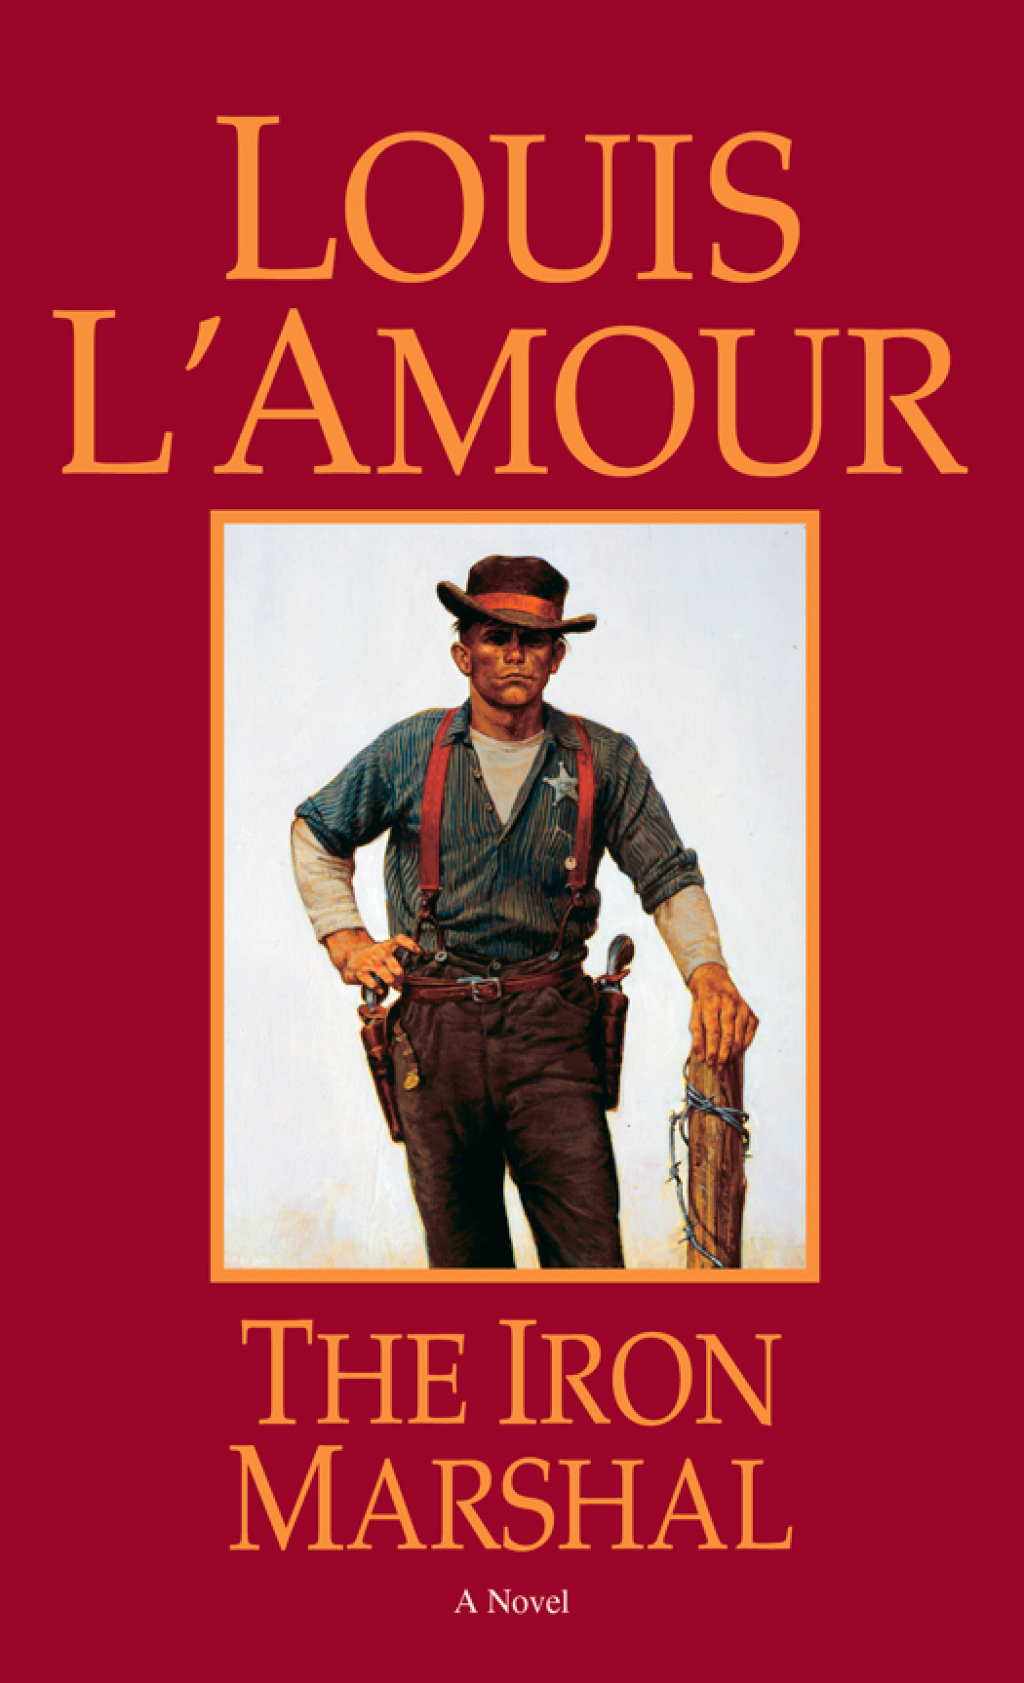 Iron Marshal Louis L'Amour Author
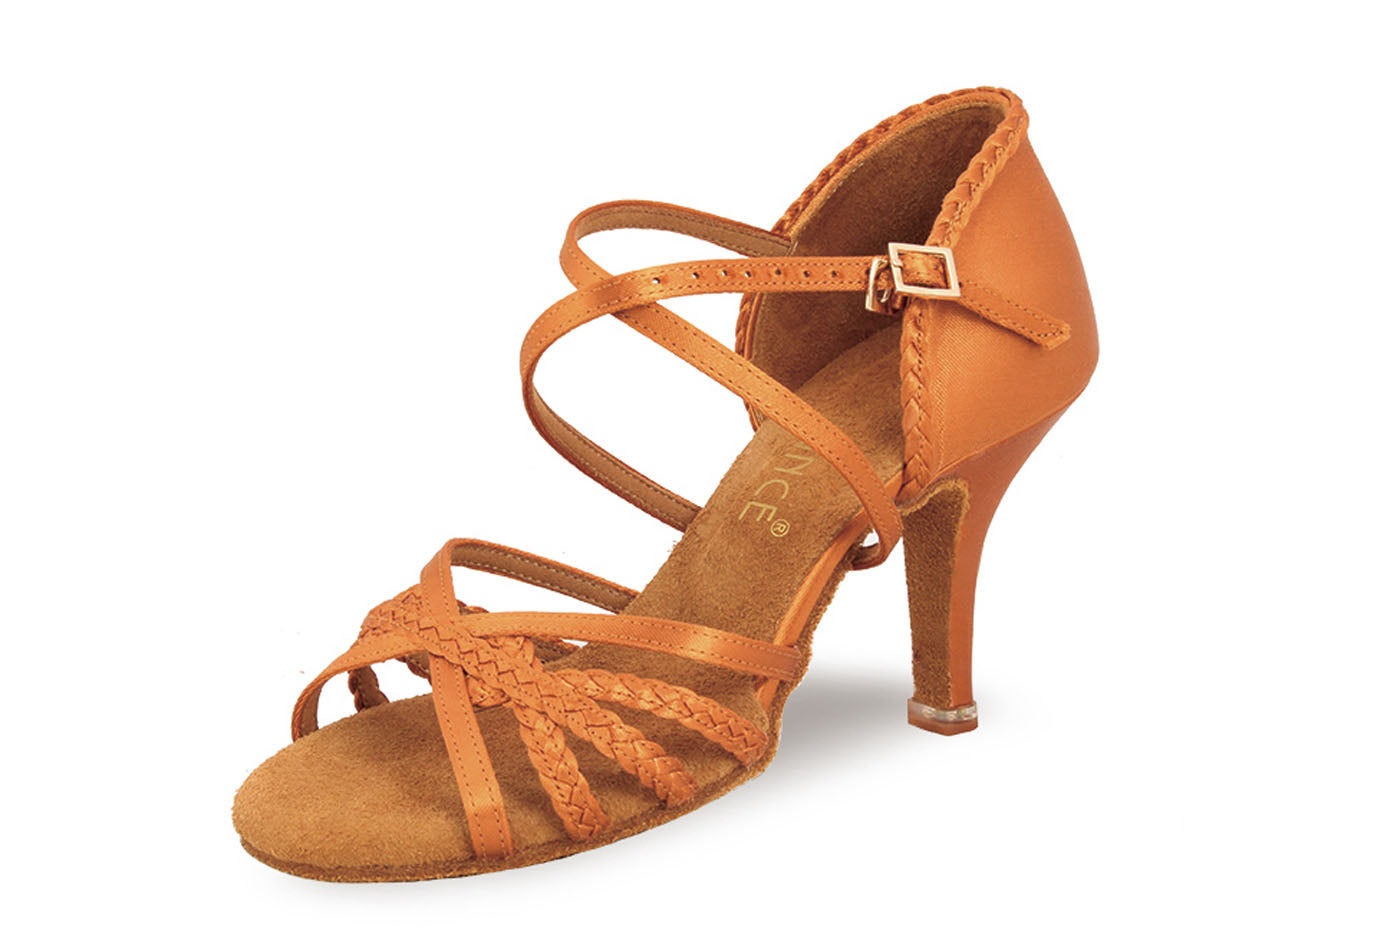 BD Dance 2703 Ladies Latin Dance Shoe with Cross Ankle Strap and Braided Strap Detail
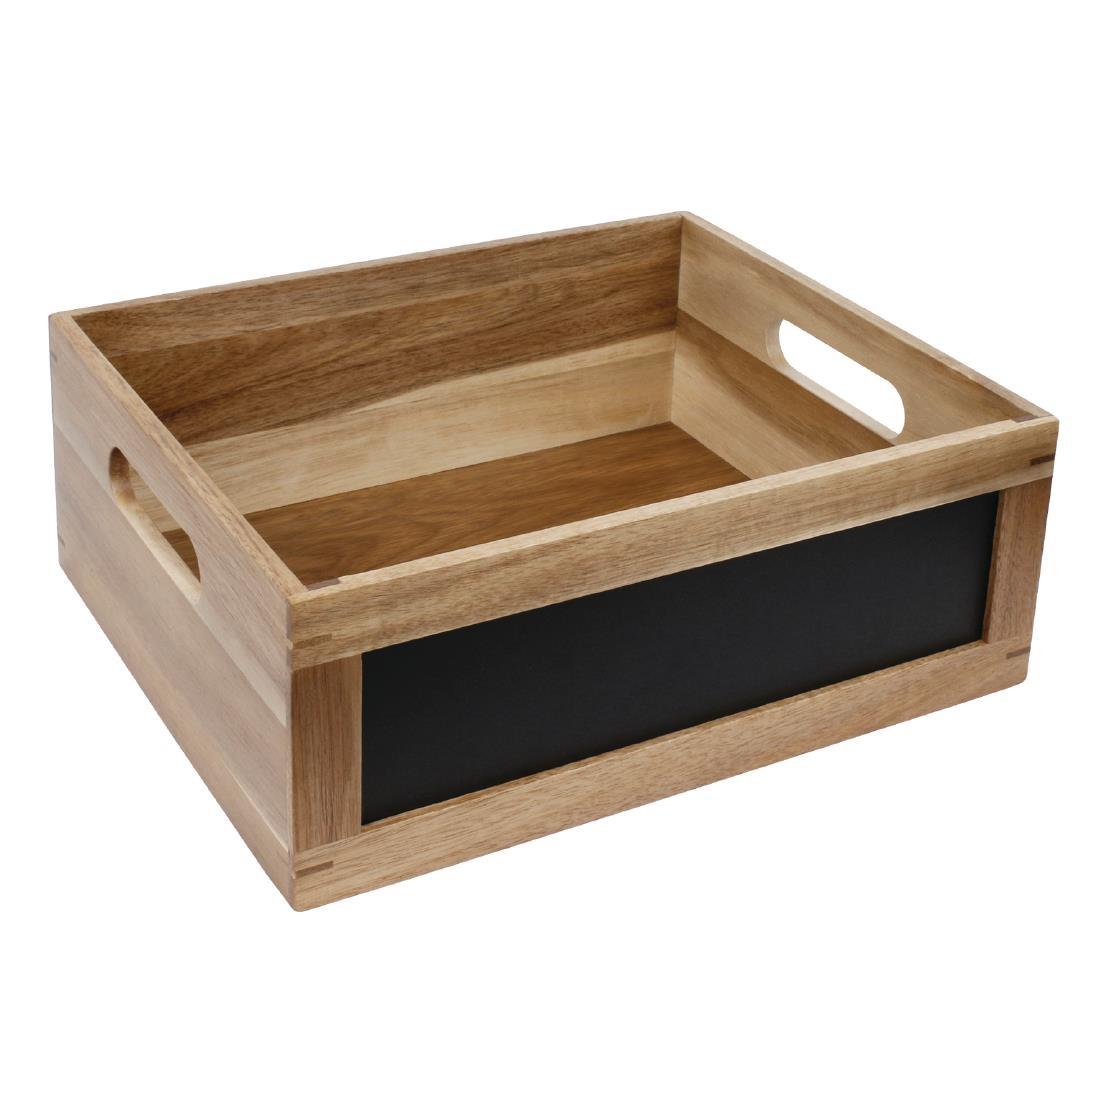 Olympia Bread Crate with Chalkboard 1/2 GN - CL191  - 1
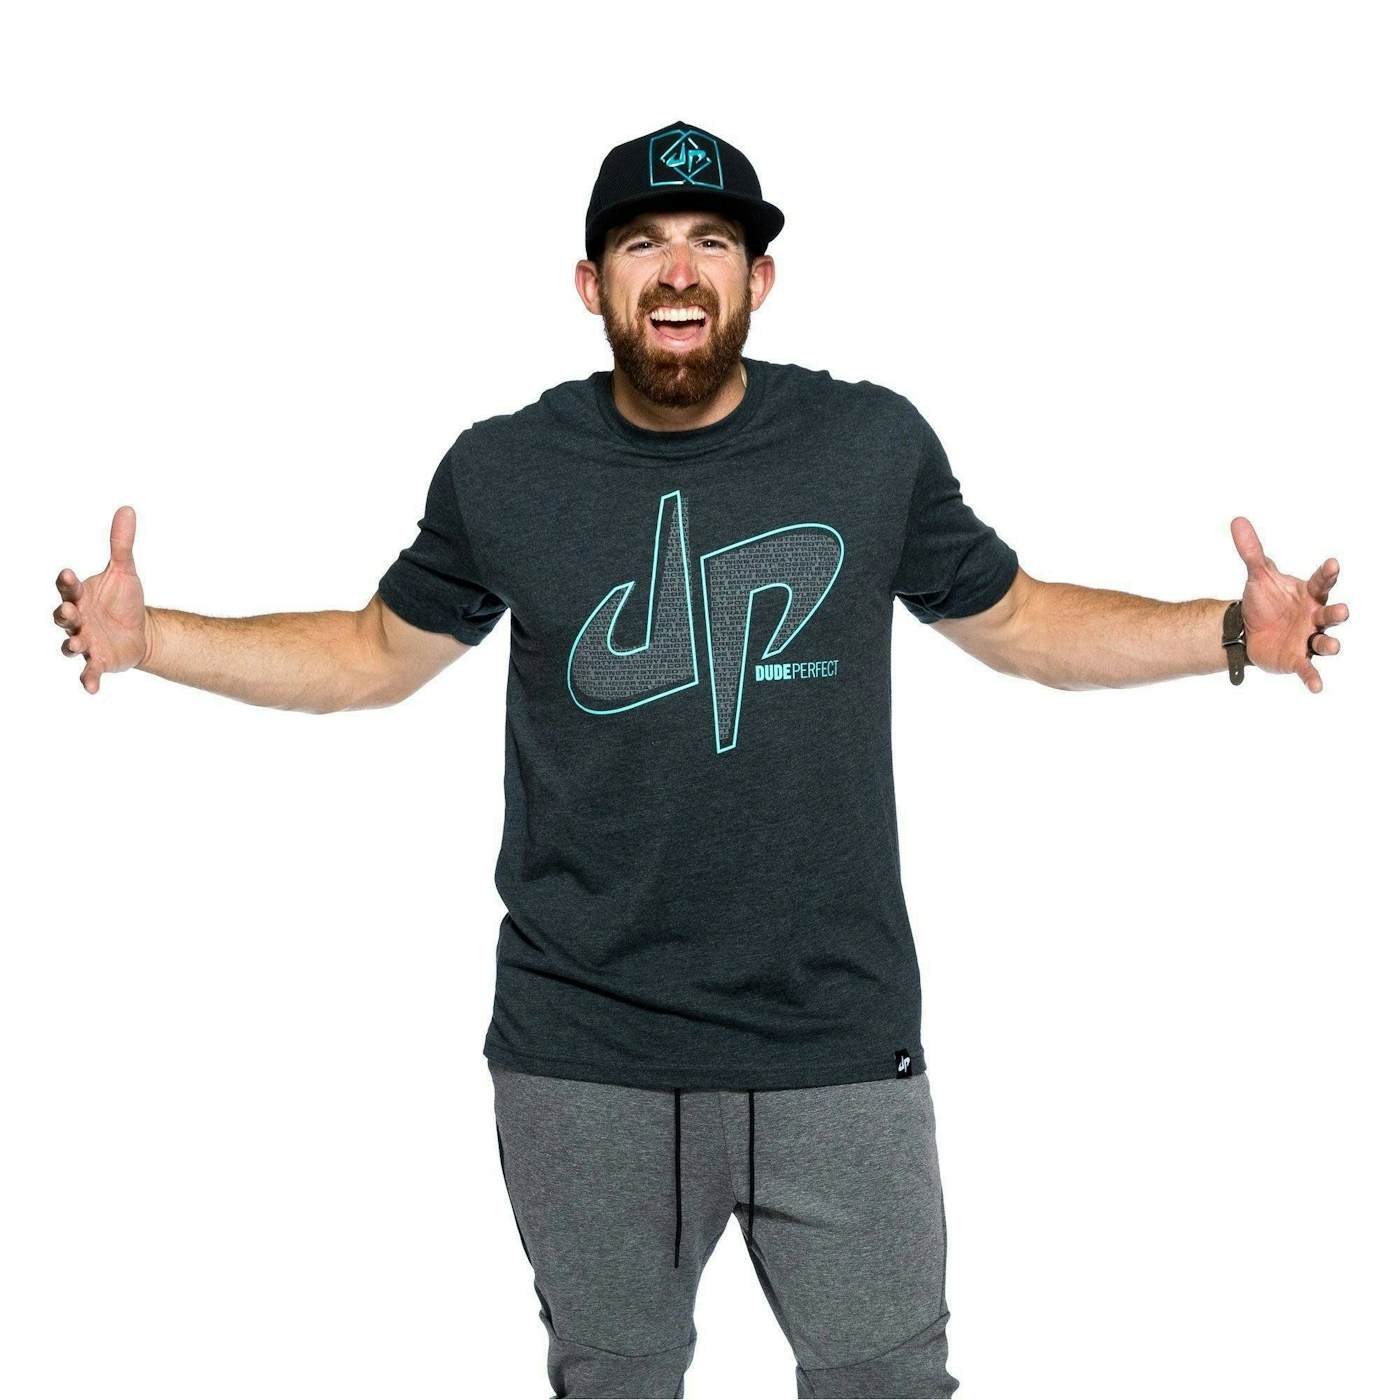 Dude Perfect Pound It Reflective Tee
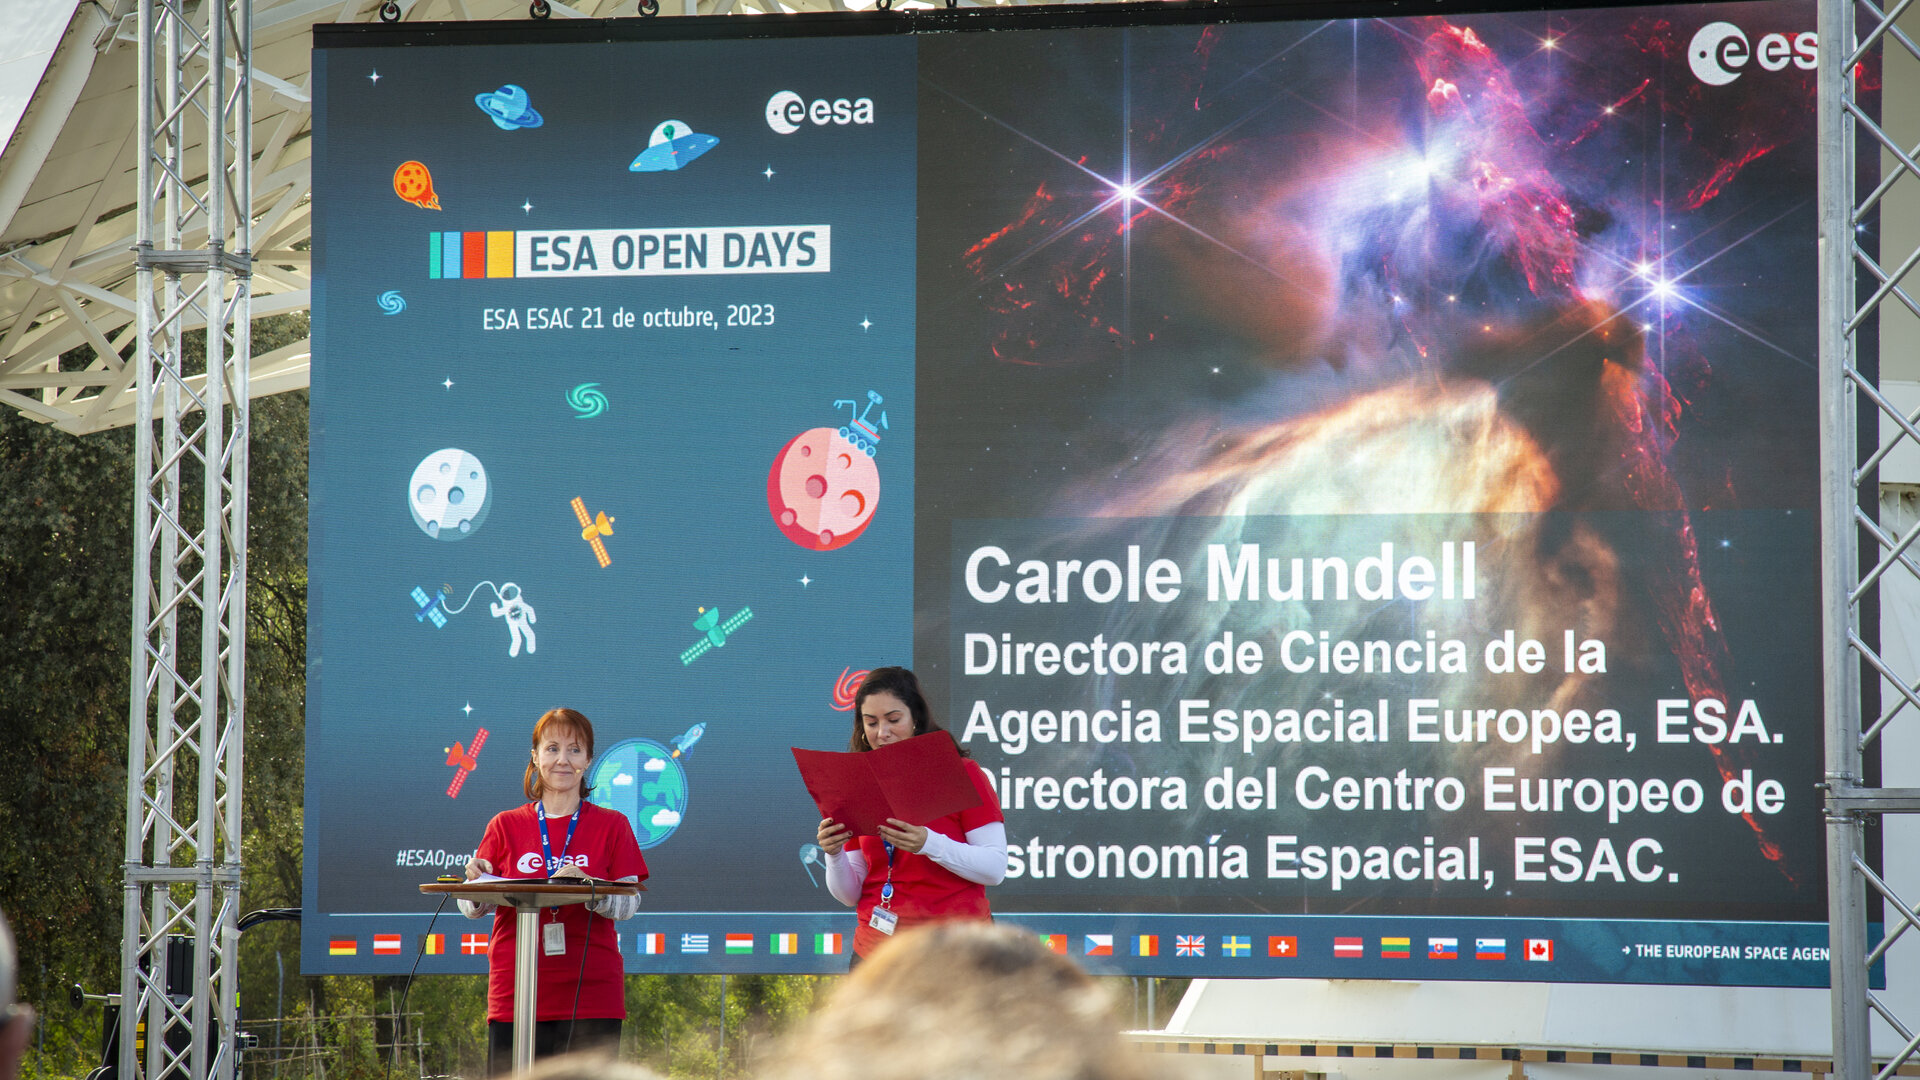 ESA Open Day 2023 at ESAC - Carole Mundell, ESA Director of Science and Head of ESAC
◆ ◆ ◆ ◆ ◆ ◆ ◆
■ **What you are asked to do**
Above are the entries; write them out again exactly, omitting the pictures.

■ **Reply to the task**
 Iron Marshal Louis L'Amour Author
 BD Dance 2703 Ladies Latin Dance Shoe with Cross Ankle Strap and Braided Strap Detail
 Olympia Bread Crate with Chalkboard 1/2 GN - CL191  - 1
 Dude Perfect Pound It Reflective Tee
 ESA Open Day 2023 at ESAC - Carole Mundell, ESA Director of Science and Head of ESAC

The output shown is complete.